Peirce’s Carrie takes place in present day. The new rationale for the reboot changed to not only doing a version that was faithful to King’s novel but also adapting Carrie for an internet-savvy, CGI-capable world. Though, when watching the movie, audience members and fans of the book may note that 2013’s Carrie – played by popular actress, Chloe Grace Moretz – resembles the original film’s star (Sissy Spacek) who was an unconventionally pretty, thin, and blonde girl versus the novel version where Carrie was chubby, pimple-prone, and brunette.

Moretz, though a competent actress, fails to be convincing as a lonely, awkward outcast due to her prom queen looks that scream “well-adjusted” and rational arguments against her mother’s (Julianne Moore) zealot-tinged insanity. 2013’s Carrie is not brainwashed by her mother’s fantastical religious practices and instead wilts as an innocent wallflower who is unjustifiably shunned. Only a quick mention of Carrie’s own unusual behavior is brought up when school bully, Chris Hargensen (Portia Doubleday), and Carrie-sympathizer, Sue Snell (Gabriella Wilde), have an argument in the gym about how Carrie deserves her torment, because Carrie and her mother have been telling everyone they are going to Hell since the sixth grade.

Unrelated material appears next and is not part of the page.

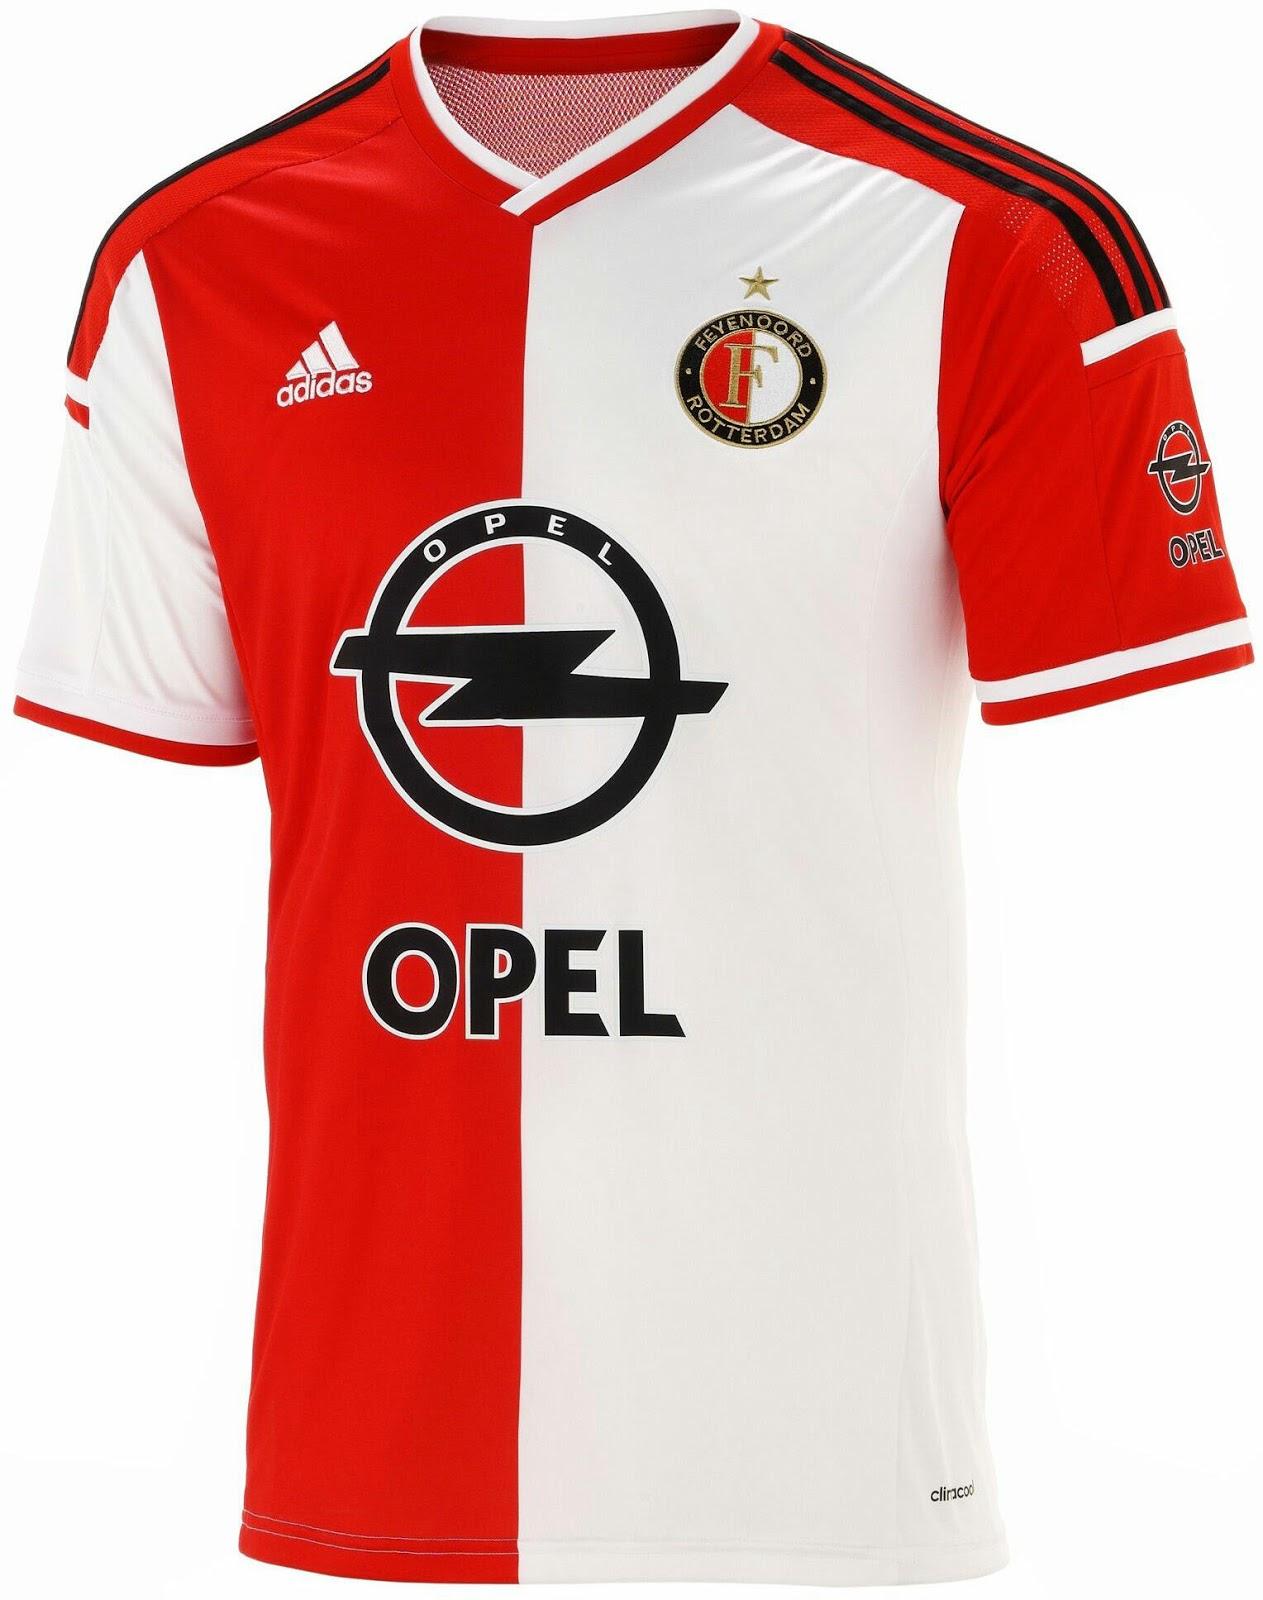 http://1.bp.blogspot.com/-ugSS3ngBz2U/U6p1rLeBJUI/AAAAAAAARxM/C8-pT_oyR7I/s1600/Feyenoord-14-15-Home-Kit-3.jpg

Aside from her disheveled hair, makeup-less face, and bland clothing, Moretz appears much prettier than the overdone and aged Doubleday and Wilde. While De Palma’s movie paid homage to Hitchcock classic Psycho with its chilling slasher sound effects, Peirce alludes to recent, C-rated horror films by choosing to cast actors and actresses in high school roles even though they look like they are in their thirties – this is especially noticeable with Moretz in the role of Carrie as she was fifteen at the time of shooting.

The whole movie drags until the next to last scene at the prom, which happens so quickly that it could be easy to miss or zone out during it. There is no element of suspense or discomfort like in 1976’s version where the bucket of blood falls just when you feel like you can’t take it anymore. After being drenched in blood, Moretz takes up the role of orchestra conductor as she flails her arms around, indicating where the CGI masters should fabricate turmoil. It is an awkward display and is supposedly where we are supposed to feel discomfort, though it comes in the form of secondhand embarrassment.

The Carrie reboot wasn’t a bad movie; it stayed true to the original almost scene to scene with some technology and extra scenes thrown around. However, it did not add anything to the Carrie legacy and recanted much of the superficial aspects of the well-known, high school revenge story. There is not much depth to this film, but it serves its purpose as a Halloween movie for teenagers who have not seen the original to go see on a Friday night.

Carrie is currently in theaters, but it might be wiser to wait until it comes out on Redbox or to watch the original on Netflix.